Background: Although magnetic resonance imaging (MRI) is a standard method of assessing the extent and features of rotator cuff disease, the authors are not aware of any studies that have assessed the interobserver agreement among orthopaedic surgeons reviewing MRI scans for rotator cuff disease.
Hypothesis: Fellowship-trained orthopaedic shoulder surgeons will have good interobserver agreement in predicting the more salient features of rotator cuff disease such as tear type (full thickness versus partial thickness), tear size, and number of tendons involved but only fair agreement with more complex features such as muscle volume, fat content, and the grade of partial-thickness cuff tears.
Study Design: Cohort study (diagnosis); Level of evidence, 3.
Methods: Ten fellowship-trained orthopaedic surgery shoulder specialists reviewed 27 MRI scans of 27 shoulders from patients with surgically confirmed rotator cuff disease. The ability to interpret full-thickness versus partial-thickness tears, acromion type, acromioclavicular joint spurs or signal changes, biceps lesions, size and grade of partial-thickness tears, acromiohumeral distance, number of tendons involved and amount of retraction for full-thickness tears, size of full-thickness tears, and individual muscle fatty infiltration and atrophy were assessed. Surgeons completed a standard evaluation form for each MRI scan. Interobserver agreement was determined and a kappa level was derived.

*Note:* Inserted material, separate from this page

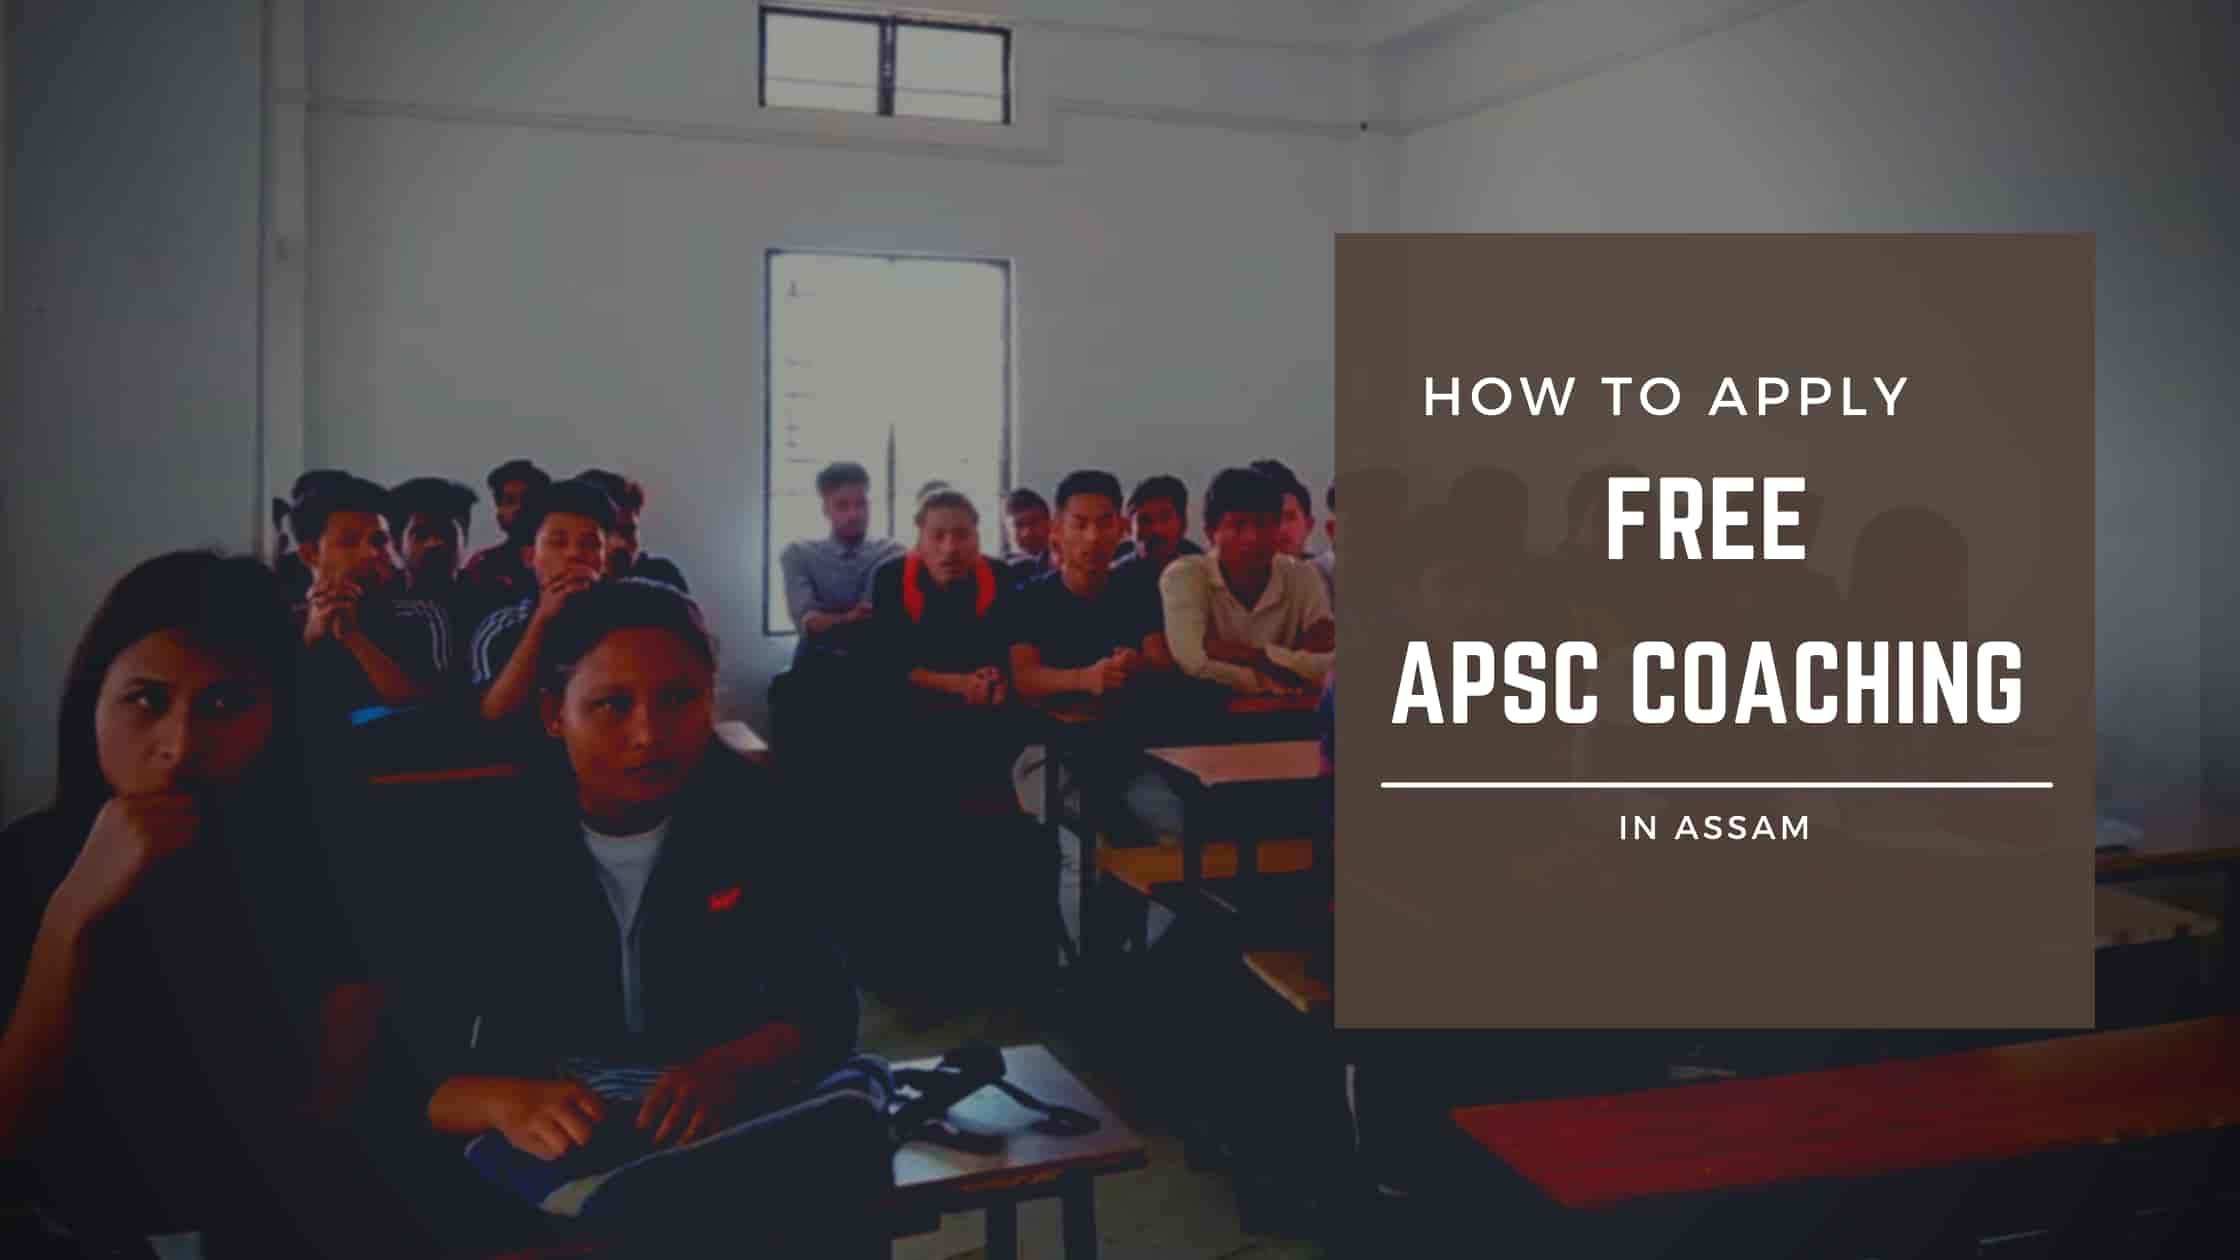 Free APSC Coaching in Assam

Results: Interobserver agreement was highest (>80%) for predicting full- versus partial-thickness tears of the rotator cuff, and for quantity of the teres minor tendon. Agreement was slightly less (>70%) for detecting signal in the acromioclavicular joint, the side of the partial-thickness tear, the number of tendons involved in a full-thickness tear, and the quantity of the subscapularis and infraspinatus muscle bellies. Agreement was less yet (60%) for detecting the presence of spurs at the acromioclavicular joint, a tear of the long head of the biceps tendon, amount of retraction of a full-thickness tear, and the quantity of the supraspinatus. The best kappa statistics were found for detecting the difference between a full- and partial-thickness rotator cuff tear (0.77), and for the number of tendons involved for full-thickness tears (0.55). Kappa for predicting the involved side of a partial-thickness tear was 0.44; for predicting the grade of a partial-thickness tear, it was –0.11.
Conclusions: Fellowship-trained, experienced orthopaedic surgeons had good agreement for predicting full-thickness rotator cuff tears and the number of tendons involved and moderate agreement in predicting the involved side of a partial-thickness rotator cuff tear, but poor agreement in predicting the grade of a partial-thickness tear.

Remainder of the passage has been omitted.